Are creativity and mental illnesses linked?

Chuck Bednar for redOrbit.com – @BednarChuck

Artists, writers, and other creative individuals may be more genetically predisposed to bipolar disorder, schizophrenia, and other mental illnesses, according to new research published in the Monday edition of the journal Nature Neuroscience.

In the study, scientists with the genetics company deCODE and a team of colleagues from the US, the UK, Sweden, Iceland, and the Netherlands reported that the genetic factors associated with an increased risk of those conditions are 25 percent more likely to be found in people who work in creative processions, including painters, musicians, and dancers.

The study, which used the genetic and medical data of over 85,000 residents of Iceland, looked for the DNA variants that doubled a person’s risk of schizophrenia and increased the odds that they will develop bipolar disorder by more than one-third. People belonging to various national arts societies were 17 percent more likely than non-members to possess those variants.

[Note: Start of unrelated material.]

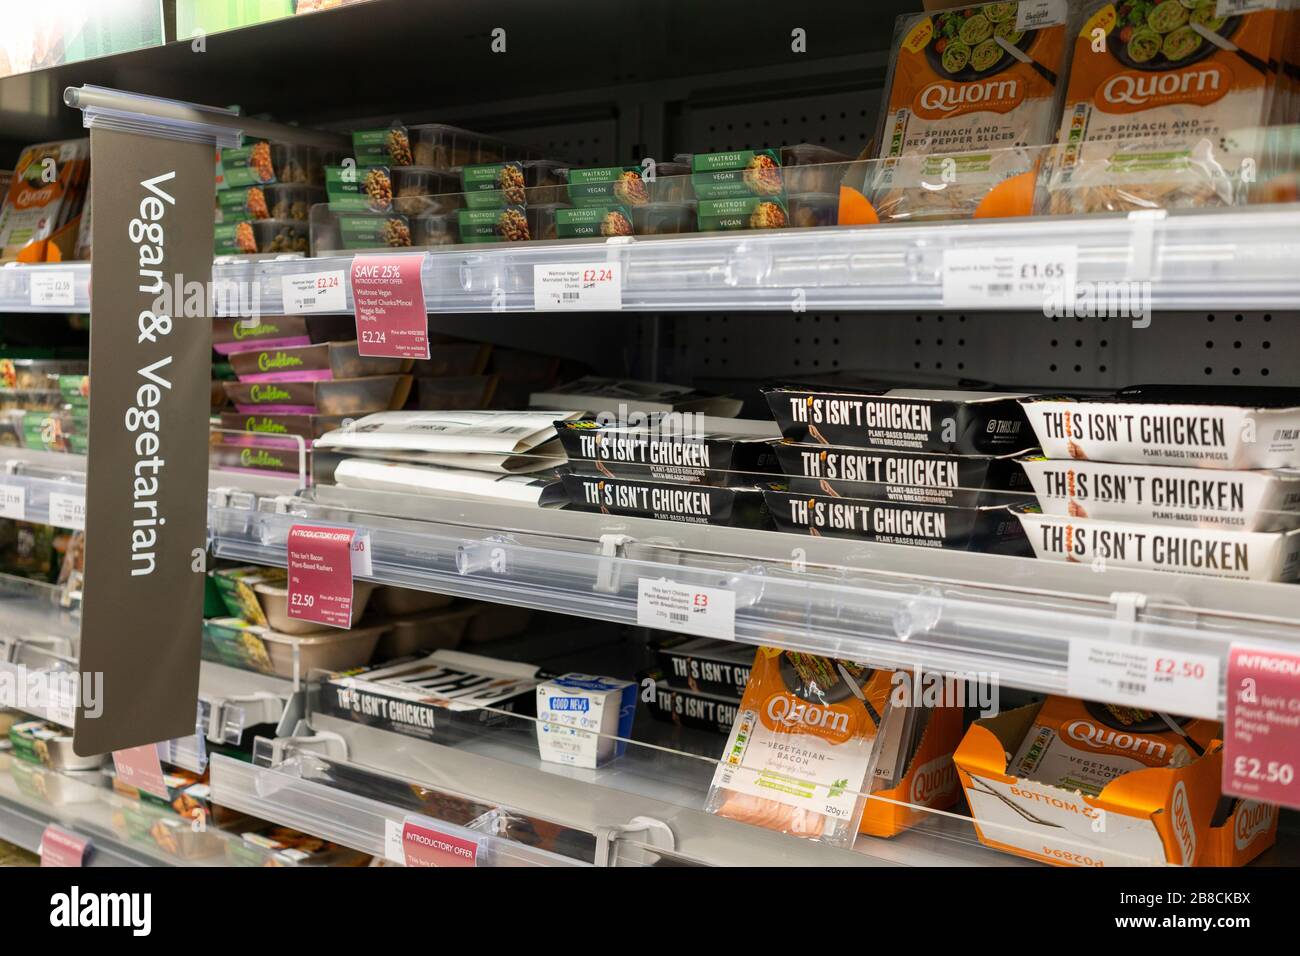 Cuisine végétalienne et végétarienne au supermarché Waitrose, Basingstoke, Angleterre. Concept: Véganisme, végétarisme, style de vie, régime alimentaire, industrie alimentaire Banque D'Images

Scientific evidence supporting the notion of the “mad genius”

They also examined medical databases from the Netherlands and Sweden, and their analysis of the records of 35,000 men and women found that those who were deemed to be creative either by their job or through a questionnaire were nearly 25-percent more likely to carry variants linked to mental illness than their non-creative counterparts, according to The Guardian.

“To be creative, you have to think differently, and when we are different, we have a tendency to be labeled strange, crazy, and even insane,” said deCODE founder and CEO Dr. Kari Stefansson. “Often, when people are creating something new, they end up straddling between sanity and insanity. I think these results support the old concept of the mad genius.”

“Creativity is a quality that has given us Mozart, Bach, Van Gogh. It’s a quality that is very important for our society. But it comes at a risk to the individual,” Dr. Stefansson added, “and one percent of the population pays the price for it.” That one percent, he said, can develop mental illness based on their genetic factors, life experiences, and environmental influences.

The authors note that their link between these genetic variants for mental illness and creativity is a weak one, The Guardian reported, and that the factors that increase the risk of mental problems explained only about one-fourth of one percent of the variations in individual artistic ability.

Even so, Dr. Stefansson said that the fact that the genetic causes of mental illness and creativity overlap even slightly is fascinating, and that “it means that a lot of the good things we get in life, through creativity, come at a price. It tells me that when it comes to our biology, we have to understand that everything is in some way good and in some way bad.”